What the task requires ▸ Nothing is needed except the lines below that run from the one with "Année de fabrication 1950" through the one with "Atmos II dans", repeated exactly.

Data for the task ▸
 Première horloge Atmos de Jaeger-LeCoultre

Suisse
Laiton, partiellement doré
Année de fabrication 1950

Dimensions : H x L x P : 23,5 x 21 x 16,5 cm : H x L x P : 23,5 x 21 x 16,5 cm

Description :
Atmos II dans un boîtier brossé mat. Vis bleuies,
--
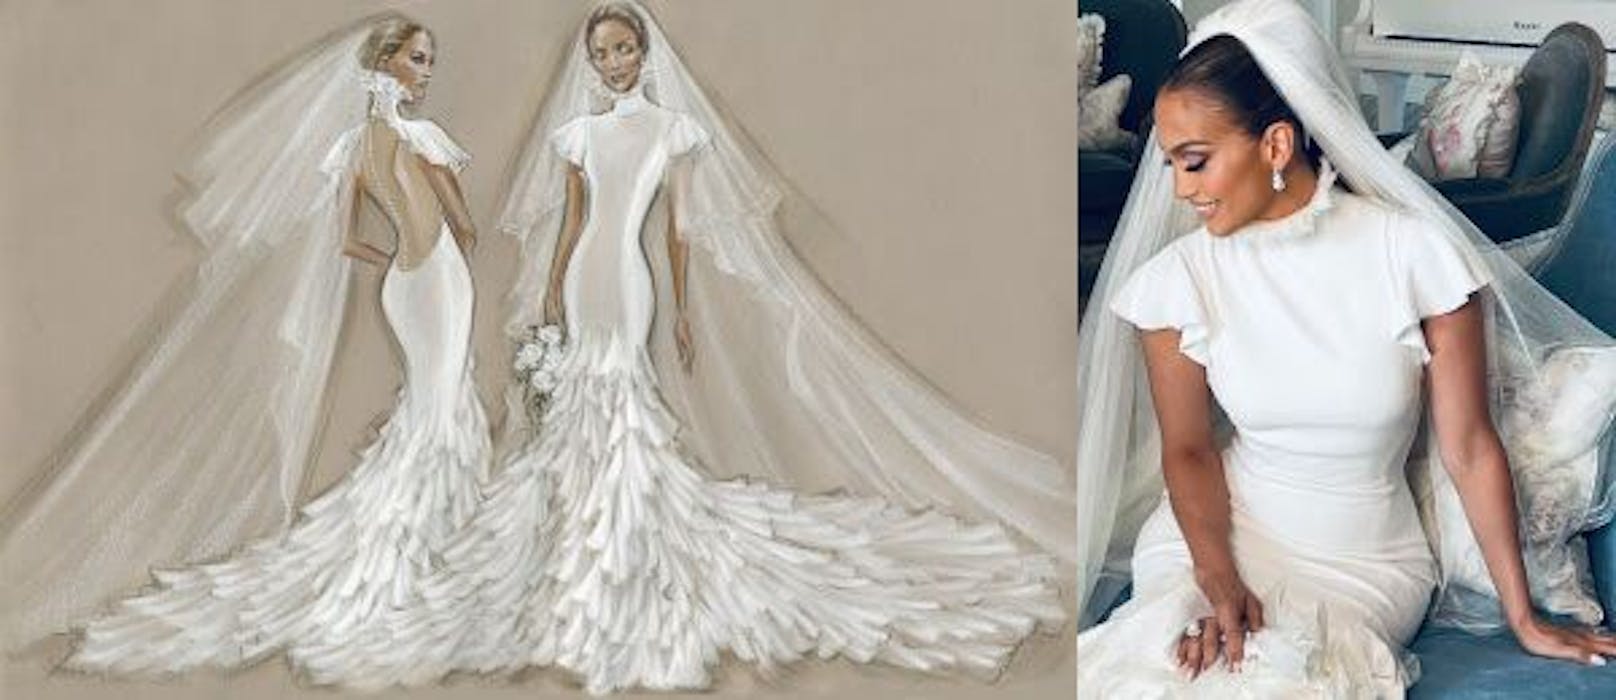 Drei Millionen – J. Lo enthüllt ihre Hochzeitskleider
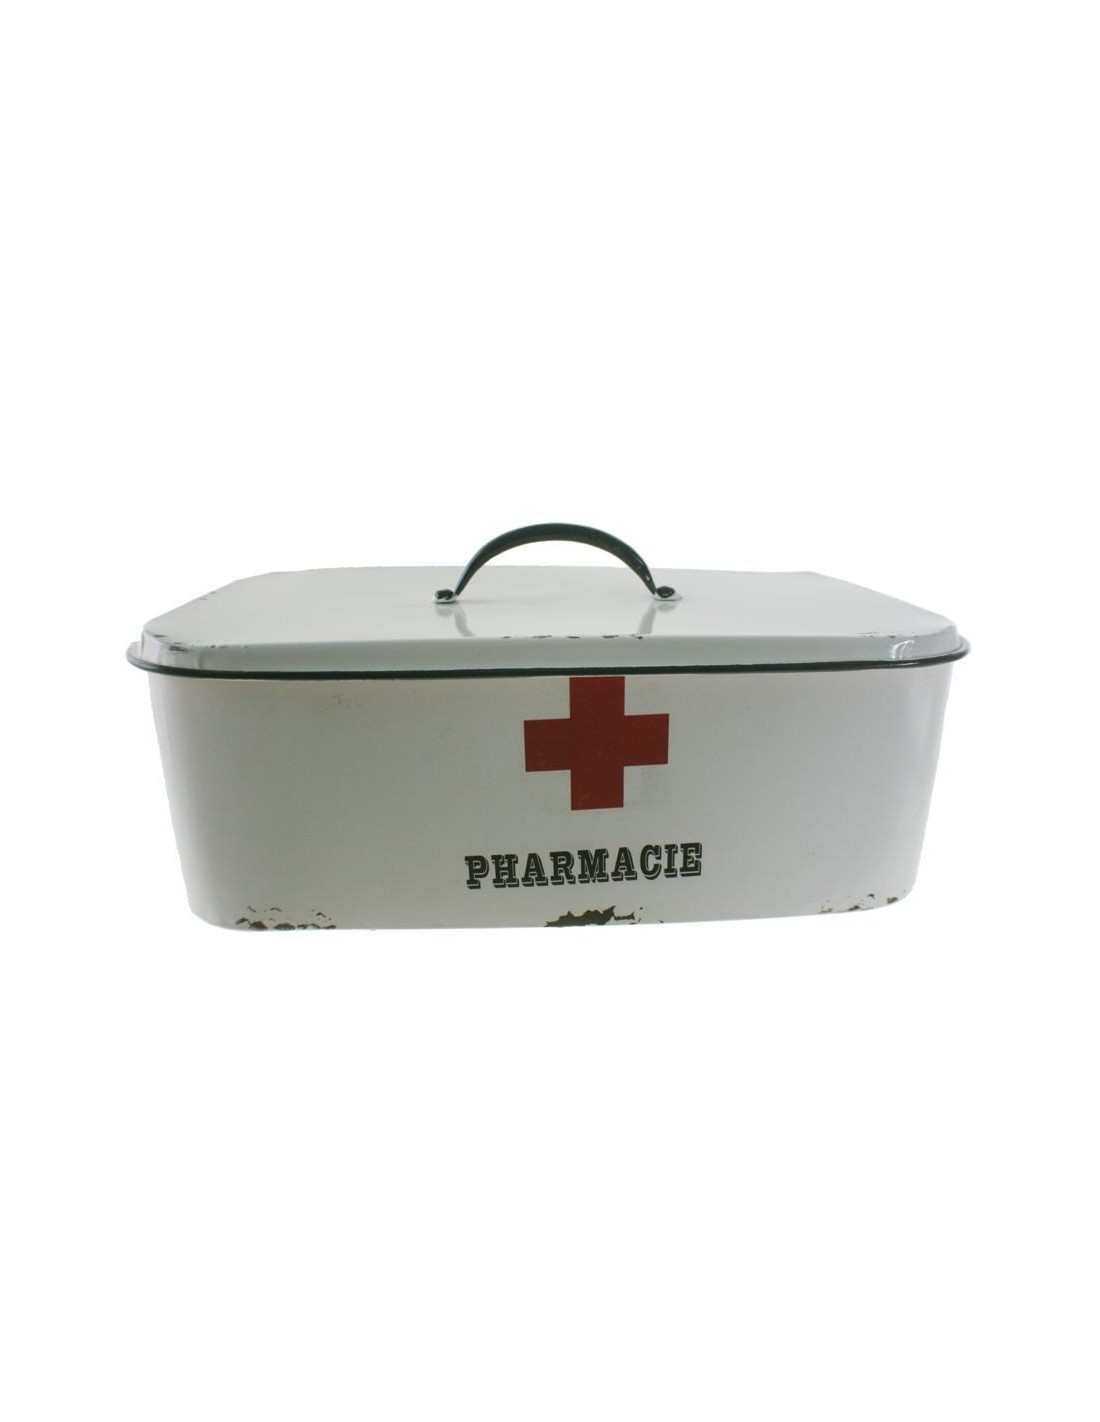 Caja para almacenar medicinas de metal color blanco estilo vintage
* * *
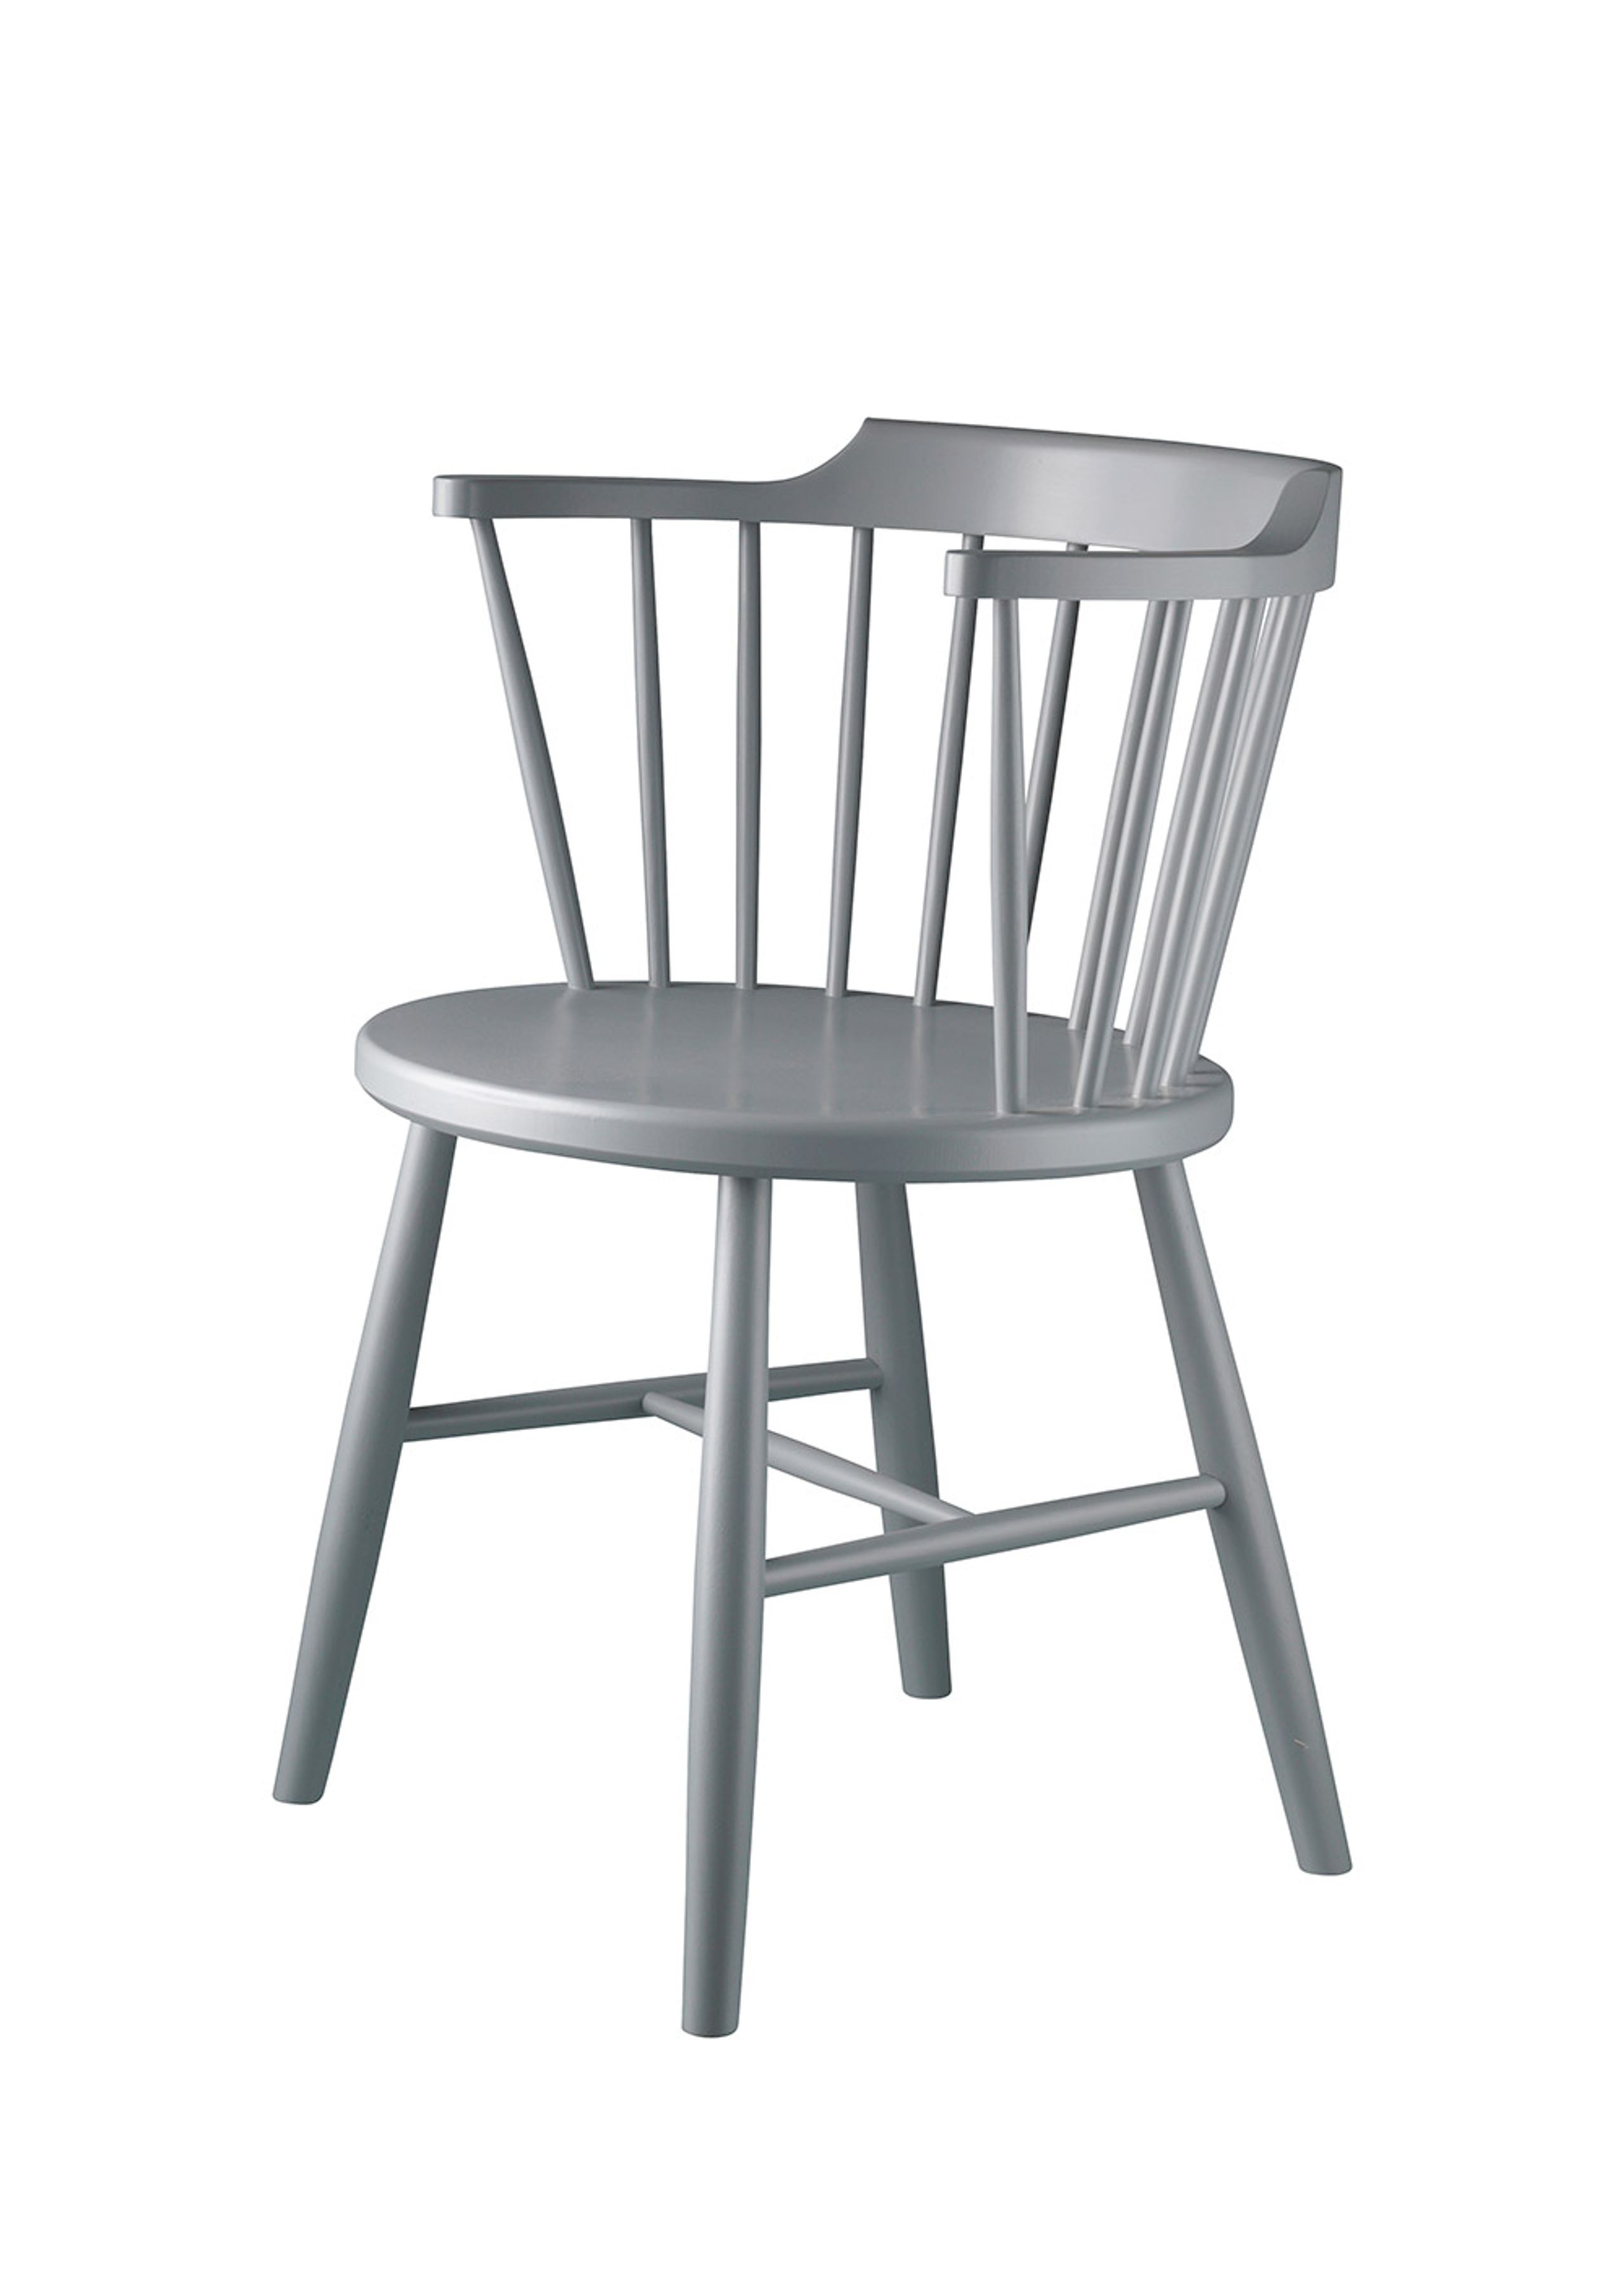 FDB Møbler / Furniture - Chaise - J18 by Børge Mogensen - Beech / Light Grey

Finished exercise ▸
Année de fabrication 1950

Dimensions : H x L x P : 23,5 x 21 x 16,5 cm : H x L x P : 23,5 x 21 x 16,5 cm

Description :
Atmos II dans un boîtier brossé mat. Vis bleuies,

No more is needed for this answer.